Ok, ok, yes the movie doesn’t hold up to scrutiny. Sigh.

I tried. Looks like it’s going to be up to fanfic to supply the backstory.

Just saw it, and agree with the general consensus here. It’s good, but inferior to the original and 28 Days Later.

I mention 28DL not only because it was a recent zombie flick, but because this movie really was more similar to that picture than the original Romero. rather than satire present culture it was about survival, and the ethics of survival, in an apocolypse sceneario.
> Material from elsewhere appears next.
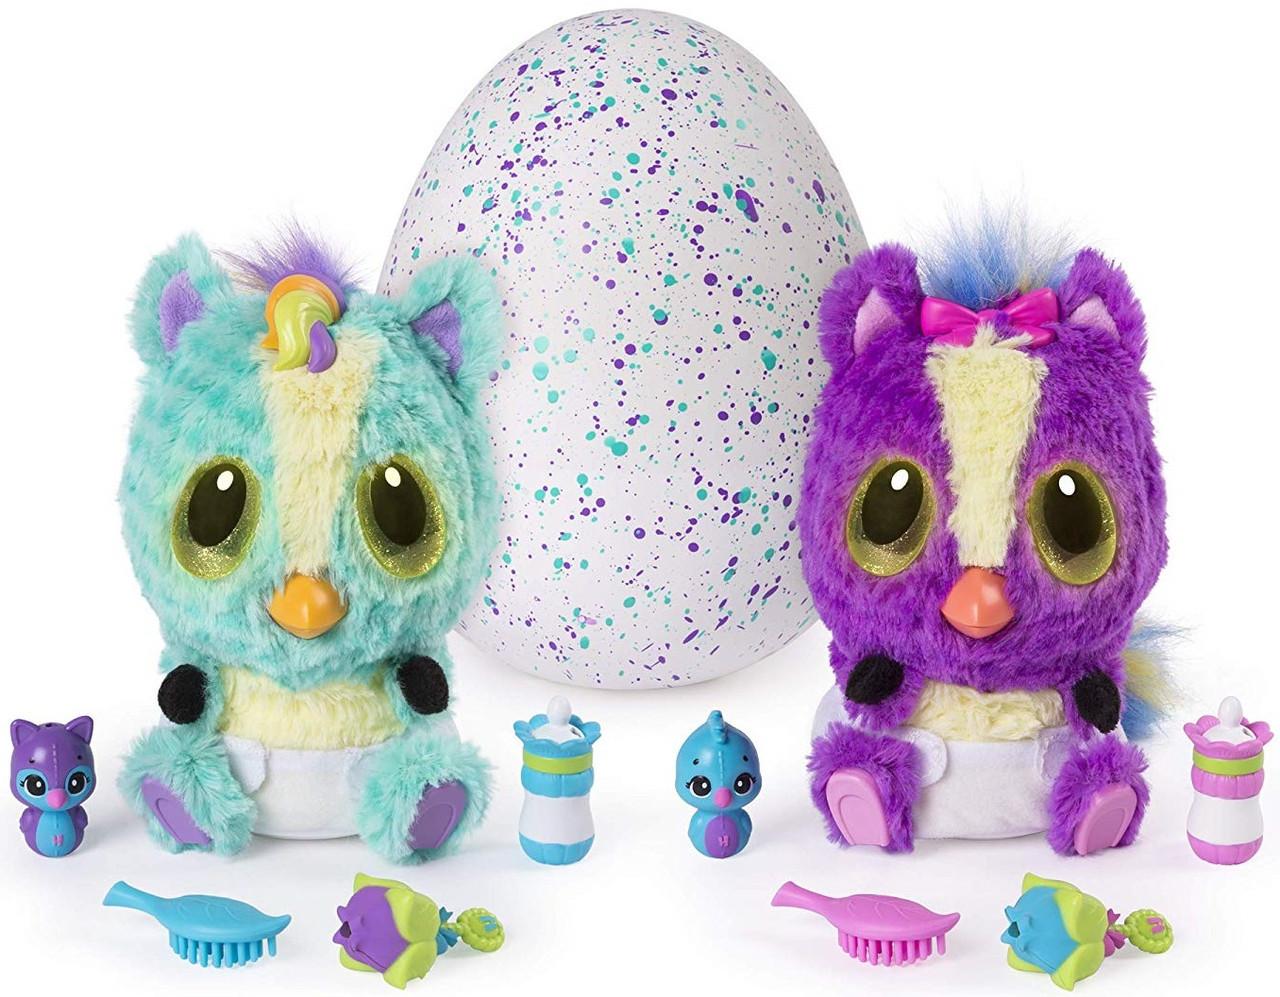 Hatchimals HatchiBabies Ponette Интерактивное яйцо, Хатчималс малышПонет в яйце, Spin Master Оригинал из США

However, 28DL was both scarier and better written in that regard.

We pretty much knew who was what here. We had the mall cops on a power trip. We had the yuppie who was guranteed to drop the ball at some crucial point, and the family man who couldn’t be trusted to put his wife and child down when he had to. Too many broad charicatures.

In 28DL, in contrast the soldiers were more terrifying, partially because they were soliders, not rent-a-cops, but also because there plan actually was terrifying. However, in a sick way, it also made sense. Ditto for Serena’s utter lack of compassion and Jim’s rampage at the end. The answer were less easy than in the new DotD.

I was wondering why they didn’t just go hide in the bomb shelter he had in Tremors.